> Instructions to follow: Give the listing back in full, exactly as written, with the pictures removed.

> Recorded data:

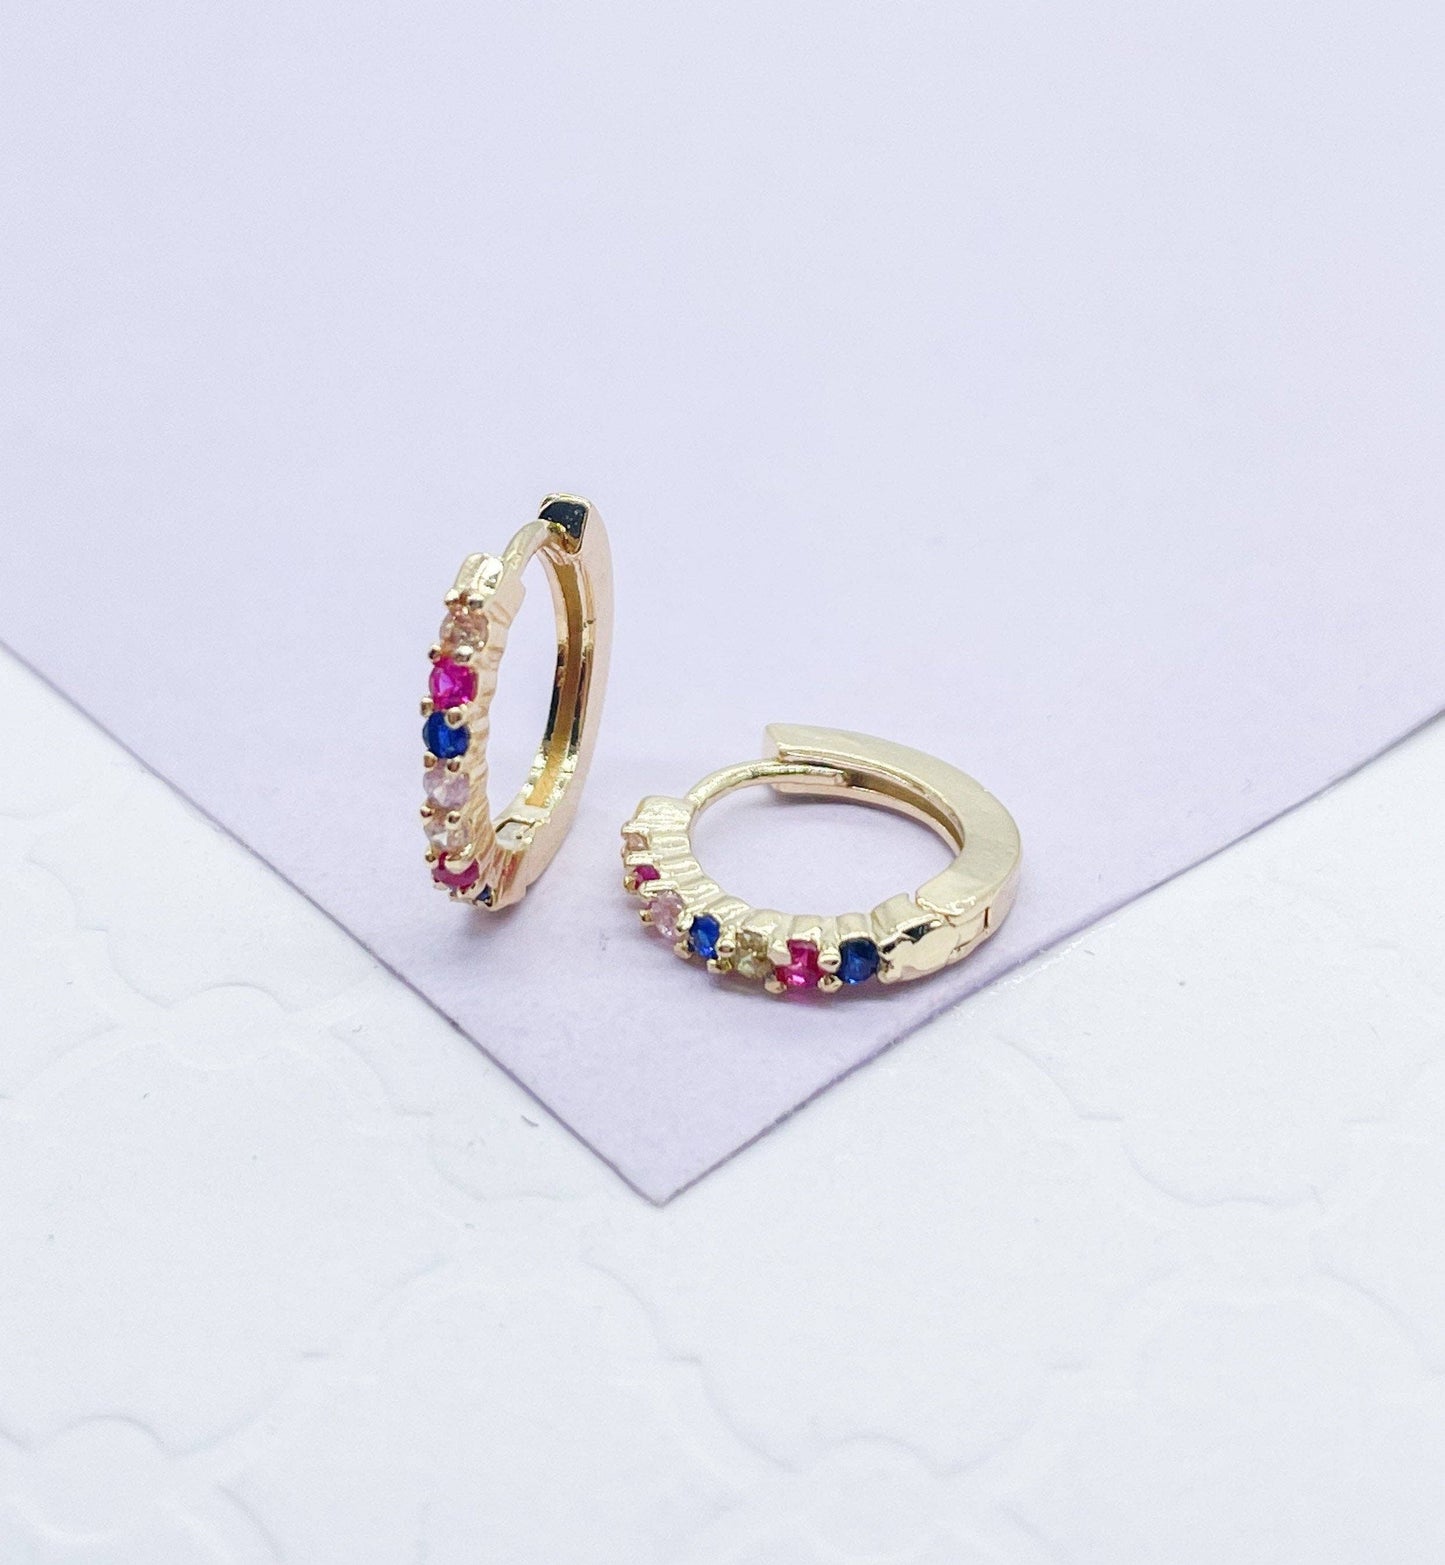 18k Gold Filled Extra Small Colorful CZ Stone Huggies Earring
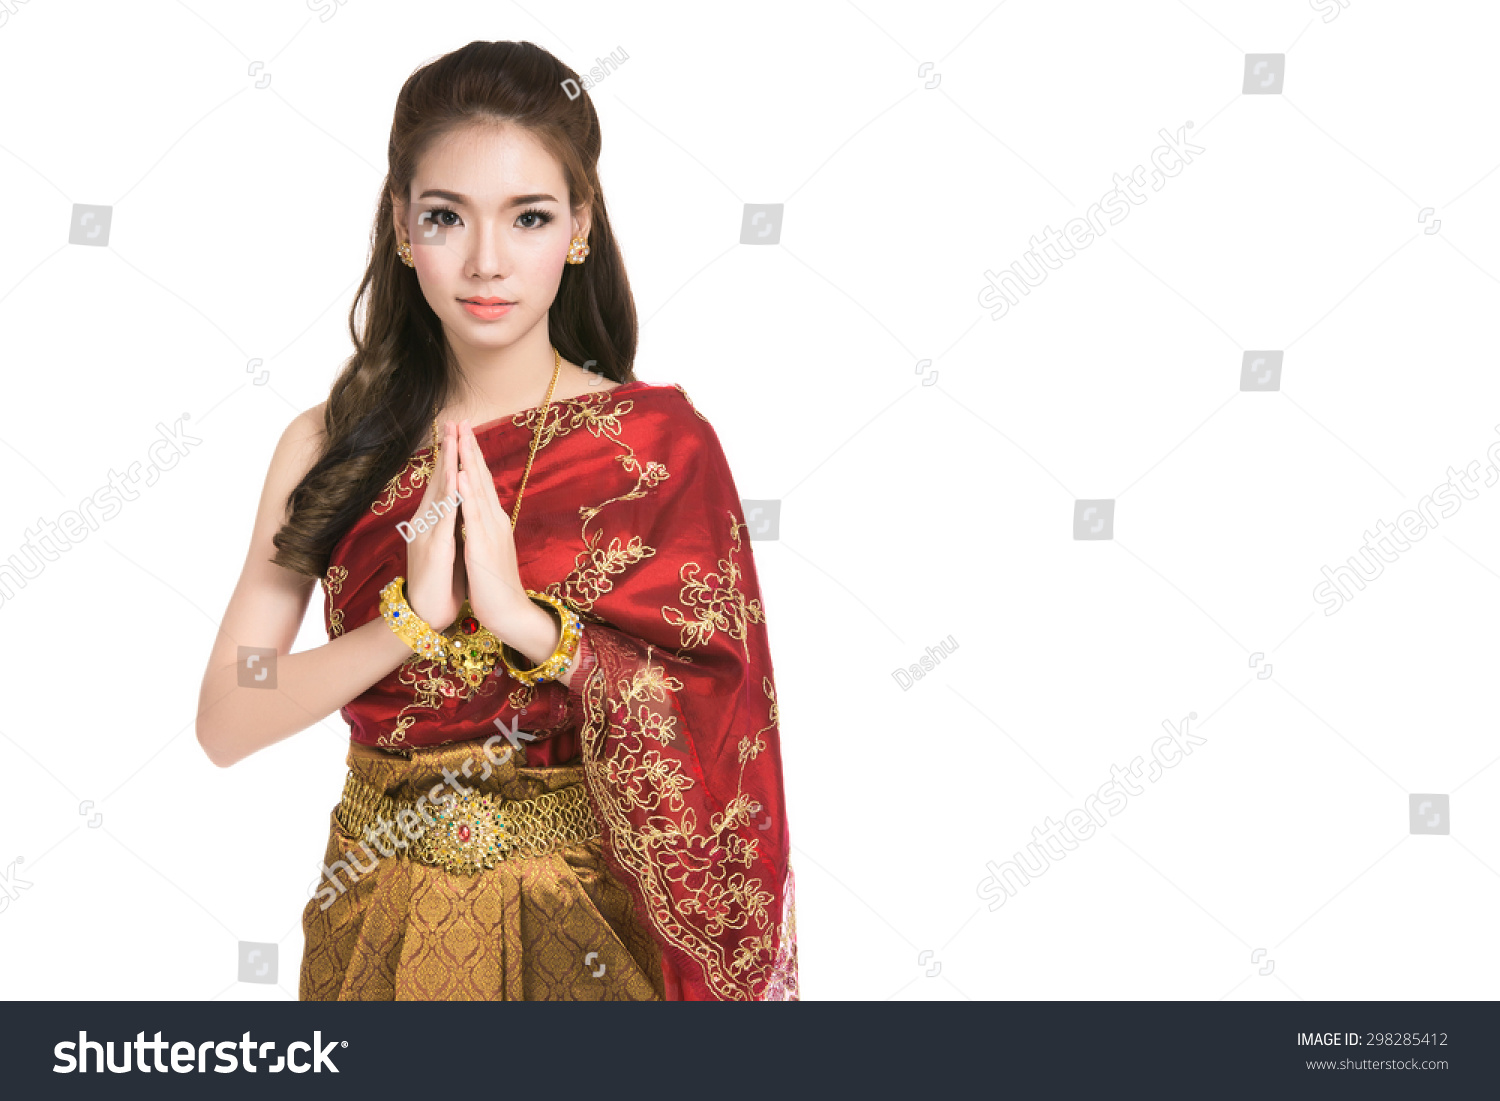 Culture And The Asian Woman 59
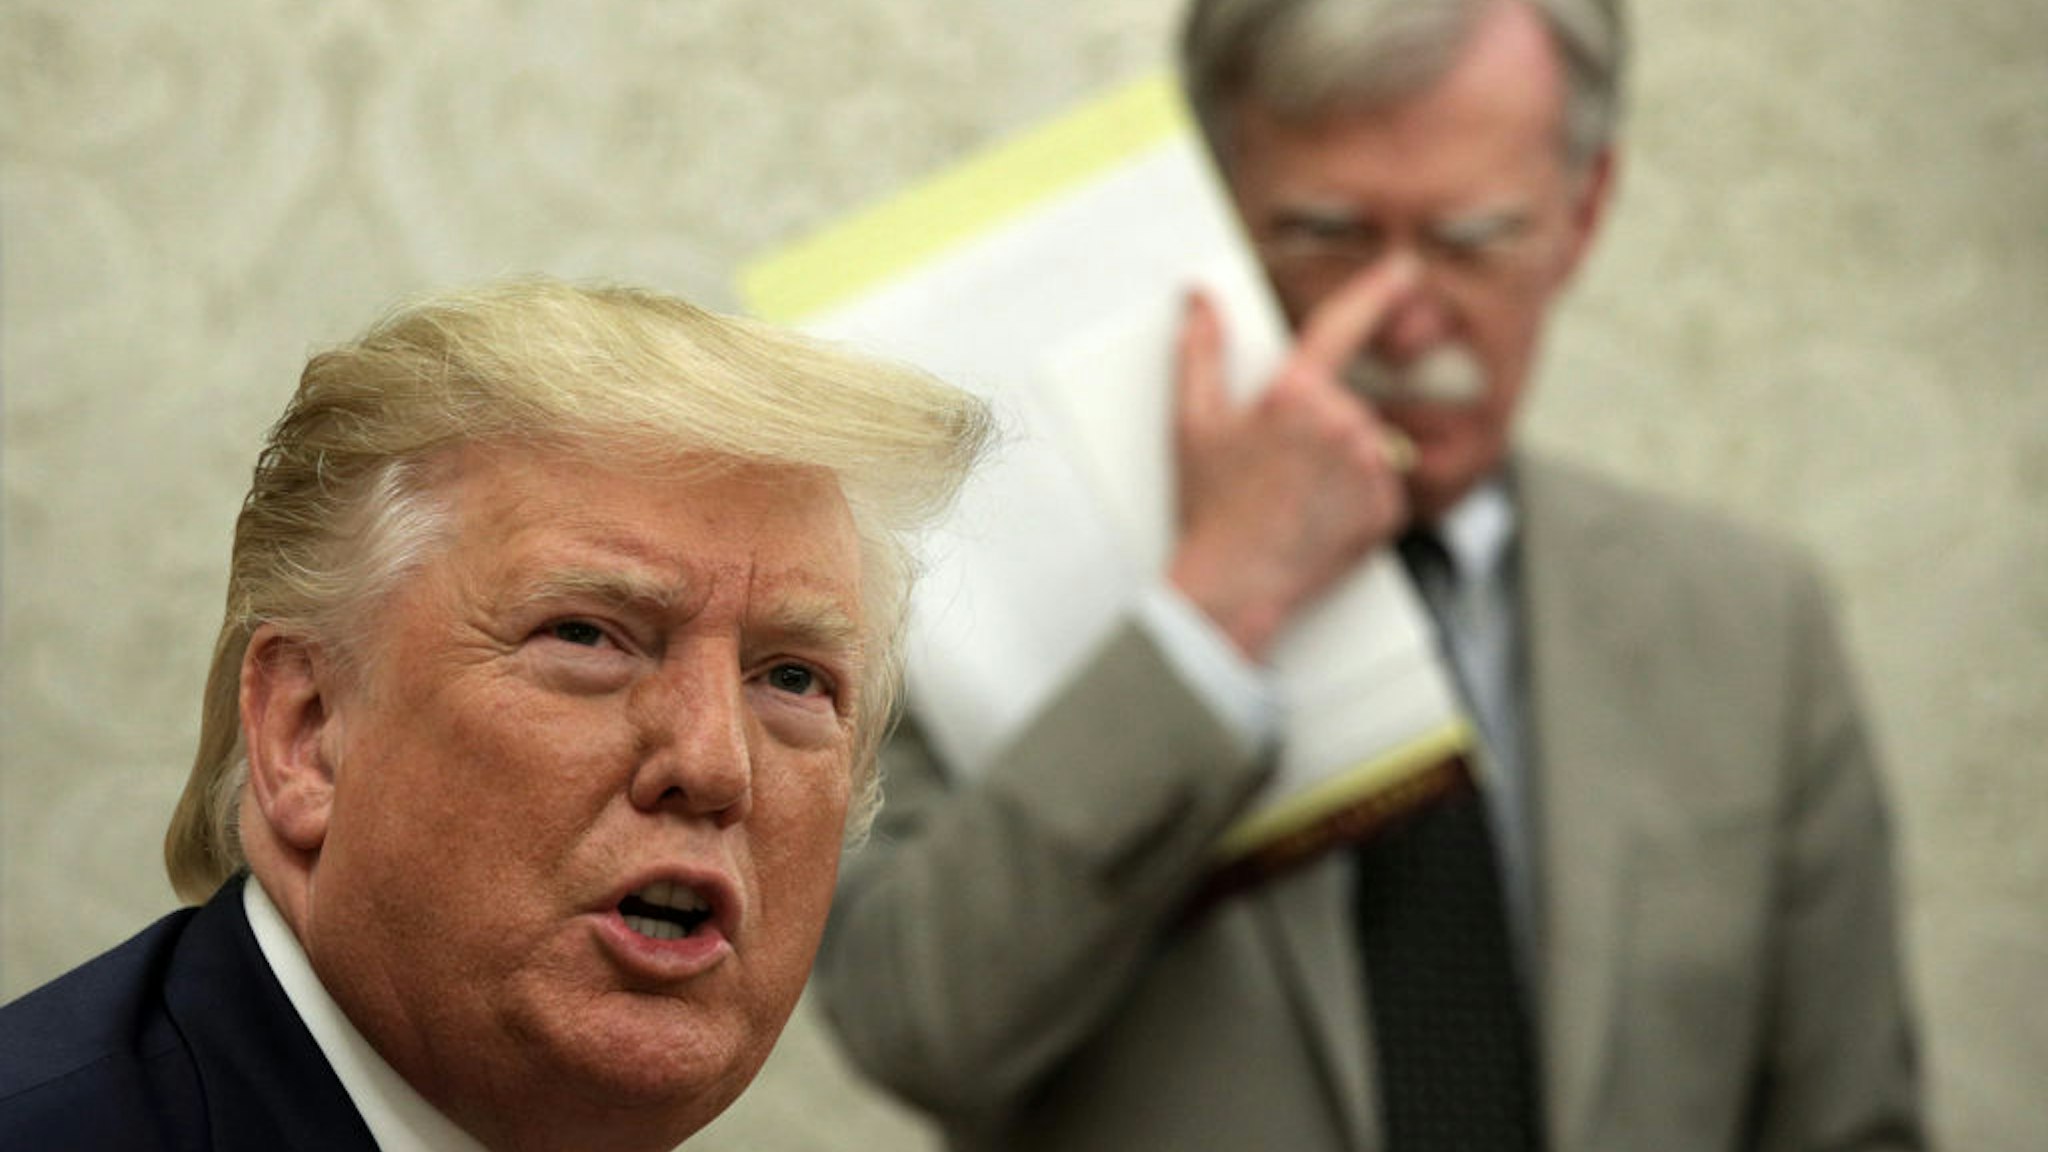 WASHINGTON, DC - AUGUST 20: U.S. President Donald Trump speaks to members of the media as National Security Adviser John Bolton listens during a meeting with President of Romania Klaus Iohannis in the Oval Office of the White House August 20, 2019 in Washington, DC. This is Iohannis‚Äô second visit to the Trump White House and the two leaders are expected to discuss bilateral issues during their meeting.

> Written answer:
 18k Gold Filled Extra Small Colorful CZ Stone Huggies Earring
 Culture And The Asian Woman 59
 WASHINGTON, DC - AUGUST 20: U.S. President Donald Trump speaks to members of the media as National Security Adviser John Bolton listens during a meeting with President of Romania Klaus Iohannis in the Oval Office of the White House August 20, 2019 in Washington, DC. This is Iohannis‚Äô second visit to the Trump White House and the two leaders are expected to discuss bilateral issues during their meeting.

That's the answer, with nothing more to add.